First of all, the dystopic visions are founded on the exact same speculations as the utopic ones, with the same flimsy evidence and the same rampant leaping to conclusions.  And while I will gladly accept that the near-future dystopia tales can have startling resonances with our current society (it's not that hard to imagine the government restricting civil liberties when it, well, already does that), I think being drawn to those resonances says more about our complaint reflex than it does about a greater claim to truth.  Think about it for a moment: life is often terrible.  Awful.  There are times when it seems hard to go on.  And yet for the vast majority of people, life is often also positive, exciting, fun–hell, sometimes even fun.  Now certainly there are a subsection of people who deal with worse things more of the time than the rest of us–but no larger, I suspect, than the subsection of people who deal with better things more of the time than the rest of us.  In other words, most of us get through basically okay, highs and lows in roughly equal measure.  Yet visions of utopia are dismissed as Candyland fantasies while visions of dystopia are called "brave" and "uncompromising."  Second, the "we're all going to die tomorrow" stuff has been done…a lot.  And if nothing else, it would be nice to, perhaps, try something new for a change (which ought to be a goal of all speculative fiction writers)–like imagining a world where destruction isn't the inevitable conclusion.

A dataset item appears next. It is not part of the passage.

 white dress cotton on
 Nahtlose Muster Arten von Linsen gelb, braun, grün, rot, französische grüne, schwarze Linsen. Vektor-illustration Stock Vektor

But maybe we like being depressed, you say.

Well, no; you could argue we just like being realistic.  But my point here is that the vision of a future wracked by death, disease, and universal despair is just as unrealistic as the vision of a future wracked by joy, happiness and cinnamon rolls (which is maybe the greatest possible future I could imagine), and so I'm starting to wish for some critical balance here.  My own work is hardly all sunshine and light, but I'd like to think there's at least the possibility of hope within it…and without that hope, I think I'd rather curl up and cry than waste time writing about how terrible everything is.  So for a little while, I think I'm going to bypass the section of the bookstore or video shop dedicated to the uncompromising visions of the future and look for works willing to compromise just a little on the possibility of hope.

Sort of a cinnamonrollia, if you will.  I could dig that kind of vision.